Directed by Gates McFadden
Geoff surprises Baz by mentioning this not only Gates McFadden’s only Star Trek credit, but her only screen directing credit. She doesn’t appear much in the episode as Dr Crusher is attacked early on by Worf which puts her character out of action until the final scene. The direction of the episode is praised though.
Cold open and Act 1
The cold open is quite low-key containing Barclay and his hypochondria, Data’s pregnant cat Spot, and Dr Crusher telling Riker. Baz and Geoff discuss that this scene seems to give more of an insight into Dr Crusher’s day-to-day work and also her veterinary expertise with Spot. Geoff talks about Ogawa as she stands in for Crusher for the majority of the episode.
The action moves to the bridge and more day-to-day routine as Worf is testing weapons upgrades and how the first act is primarily written to get Picard and Data off the ship for three days.
The changes begin
Baz and Geoff talk briefly about Worf snapping at Riker before Worf goes to Ten Forward to eat. Worf and Troi’s relationship is discussed by our hosts and whether it works.
They discuss the early changes to Barclay, La Forge, Riker and Ogawa and the subtle hints to their eventual transformations. However, Baz questions whether some of them are too subtle. Geoff briefly describes a deleted scene on the Blu-ray before asking whether Worf’s pyjamas are made of tweed.

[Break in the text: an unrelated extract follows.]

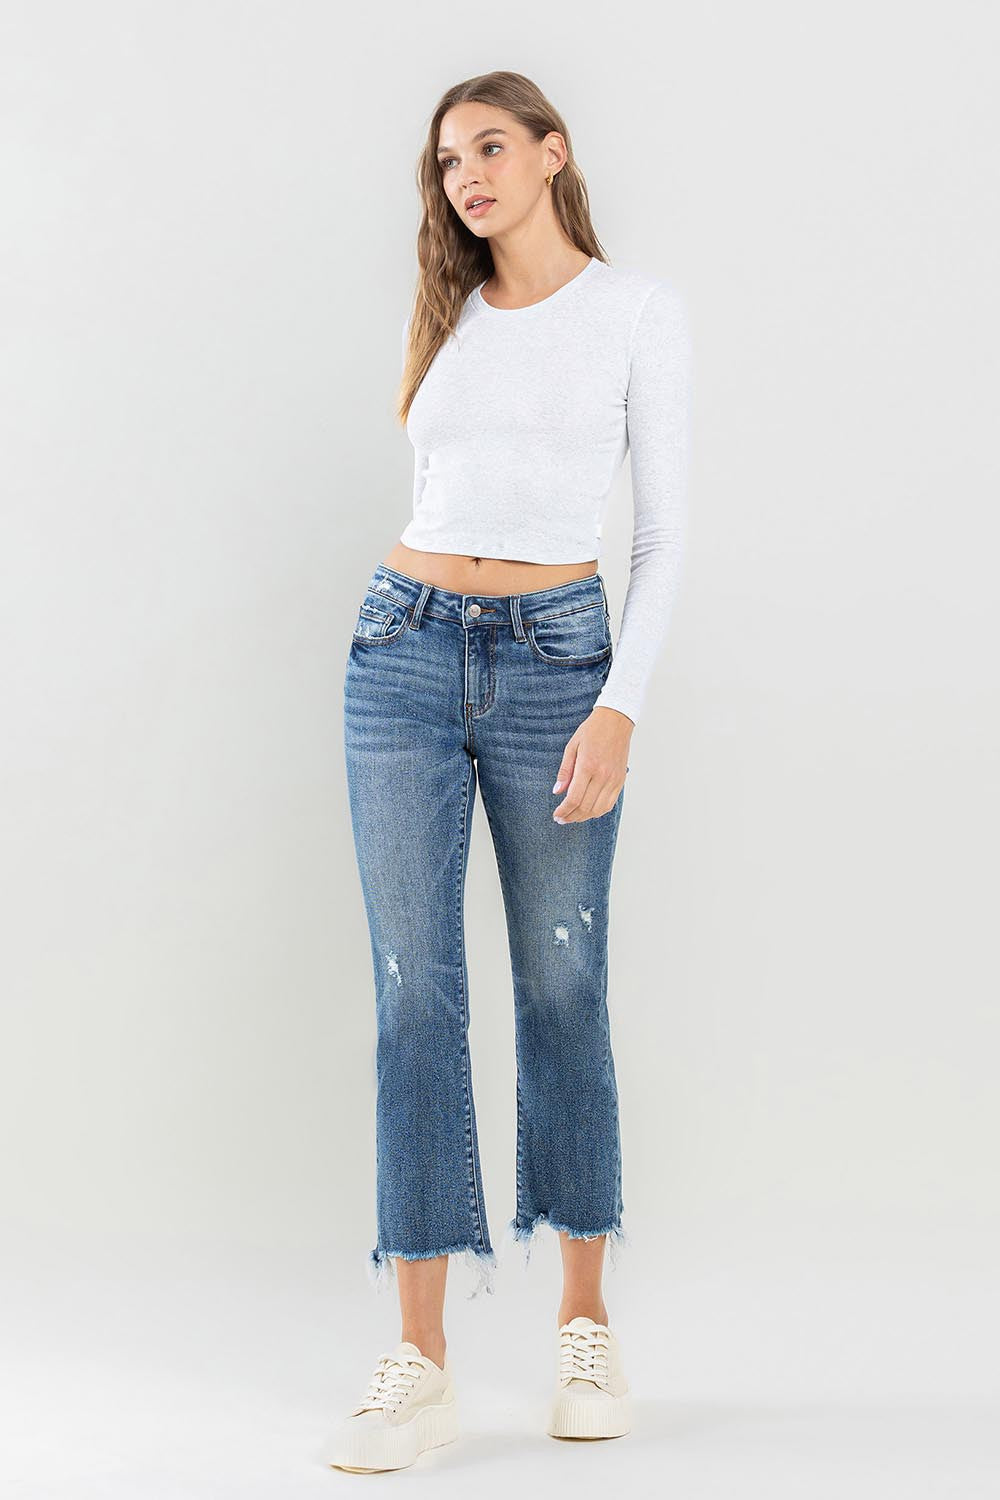 Lovervet Mid Rise Frayed Hem Jeans Trendsi

Geoff and Baz then discuss the horrific injuries caused to both Troi and Crusher by the devolving Worf and whether Alexander is on board at this time.
Ape-Riker and Spider-Barclay
With the Enterprise slowly spinning, Geoff and Baz briefly ponder which way is up. They then talk about how ship-based the episode is and how good the makeup effects are. Riker’s Australopithecine and Barclay’s spider effects are praised.
Baz asks Geoff how he feels about the science of the episode. Geoff comments that while the science is practically non-existent, it didn’t affect his enjoyment of the episode. Patrick Stewart’s acting is then complimented as he convincingly plays a much more nervous version of Picard than we’re used to.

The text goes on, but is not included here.